Через три часа, отказавшись от необходимых личных процедур, Анир продолжил размышлять. Отказ допускался, но считался вредной привычкой. Состояние опасное и пограничное между Порядком и Исключениями. Исключения были квантовым началом дороги к Хаосу. Аниру грозило перерождение. Это была одна из мер наказания на новом Фаэтоне. Интуиция Анира подсказывала, что всё обойдётся. Важнее было попытаться переродить Аниретаке! Ей это необходимо. Если, конечно, заложенная в чип информация не закодирована неизвестными кодами. Но пока всё идёт гладко...
«...После купания в чистых прохладных водах нашей речки Подгорной начинаешь чувствовать волчий голод. Как это бабушка с дедушкой всё хорошо знали, как они предусматривали такие наши желания? Бежишь домой, а возле летней печки, которую дед смастерил в огороде под старой развесистой грушей, бабушка хлопочет: постный борщ, жареных карасей, шкварчащую картошку с салом предлагает. О-о-о! Благословенные были времена! И нечего нам на своих предков обижаться. Сами в труде и мере жили и нас так же растили. И не помню я, чтобы они маялись от ожирения, катаракта кого бы ослепила или ещё какие страшные напасти с ними приключились. Да, правда вот, у деда варикоз был на ногах сильнейший и грыжа в паху. Так это же он, сердешный, от работы надорвался...

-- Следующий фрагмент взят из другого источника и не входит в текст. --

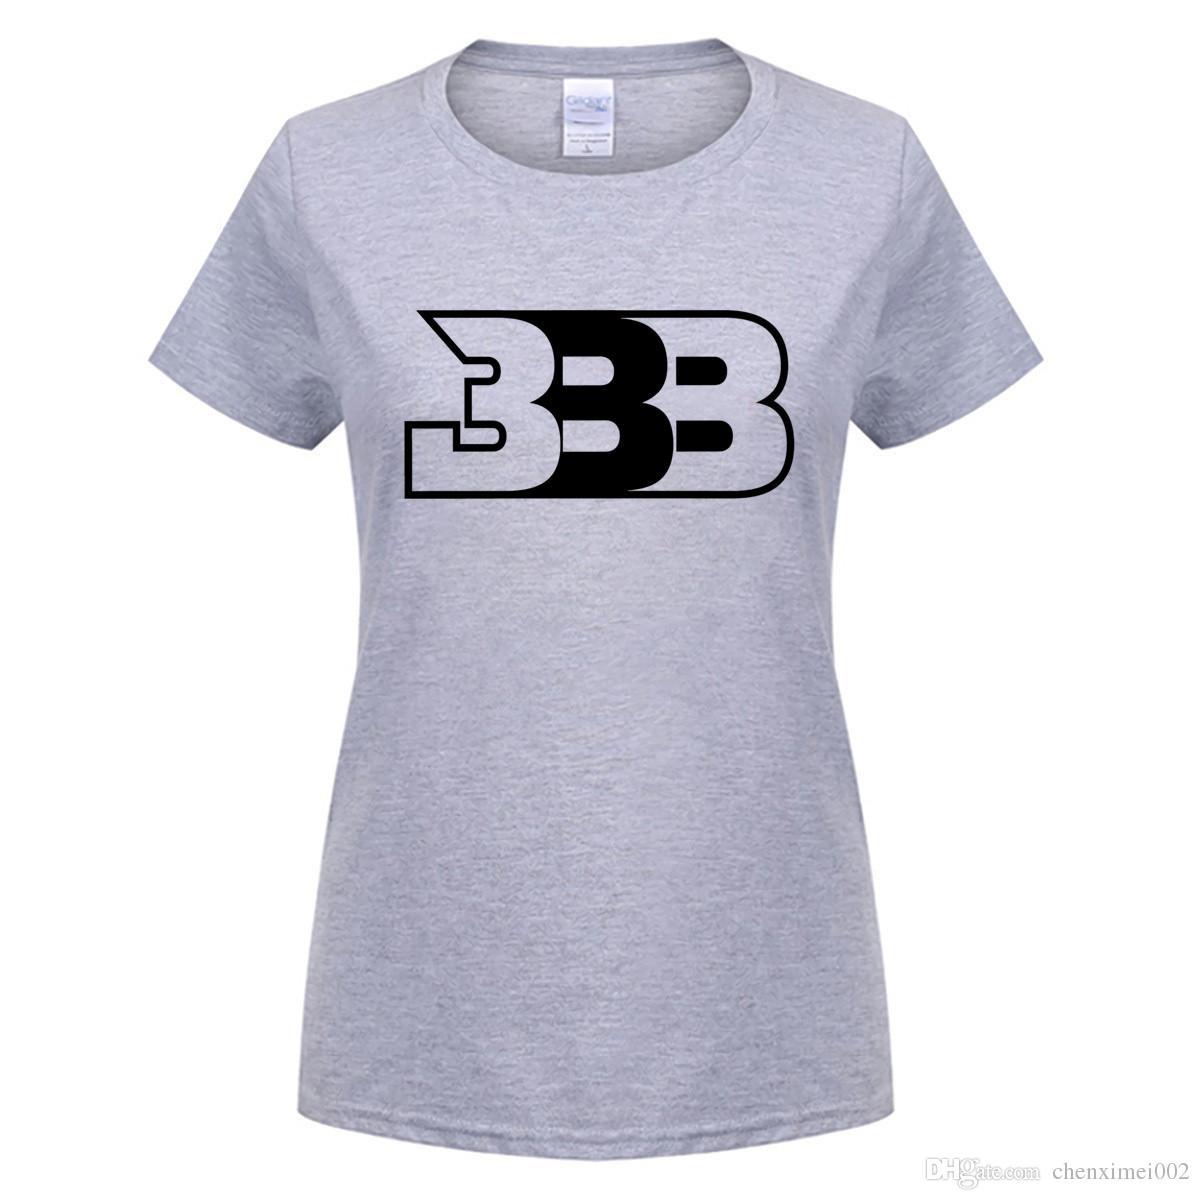 Big Baller Logo - B B B Logo T Shirt Big Baller Brand T Shirt For Women T Shirt ...

Дед сам работал и нас, своих внуков, приучал к труду. Была у нас такая повинность трудовая – полив огорода. Все посадки измерялись одной странной по звучанию, но очень точной мерой – кубахами. Это лунки: сколько лунок, столько и кустов помидоров, огурцов, капусты, перца, кабачков. Кубах сто помидоров у речки, кубах сто пятьдесят у копанки, да пятьдесят у колодца. Чуть меньше капусты и огурцов. И в каждую кубаху по полведра воды надо влить. Кто может посчитать, сколько мы перетаскали на своих ещё некрепких руках десятилитровых вёдер с речной – из Подгорной – и ключевой – из копани – водой. Старались успеть ещё и в речке искупнуться: после полива мы так вымокали и пачкались, что необходимо было отмыться от песка и чернозёма. А после же хотелось и «на кино» успеть. Это кино было нашим мечтанием и развлечением вожделенным. За пять копеек можно было смотреть всё, что «кинщик» привозил. Клуб в старой конюшне организовали. Мы сидели на простых лавках, тут же позади, жужжал аппарат, вместо экрана – белёная мелом стена. Как часть закончится – перерыв, другая – ещё перерыв. Так до полуночи и смотрели мы обычный полуторачасовой фильм.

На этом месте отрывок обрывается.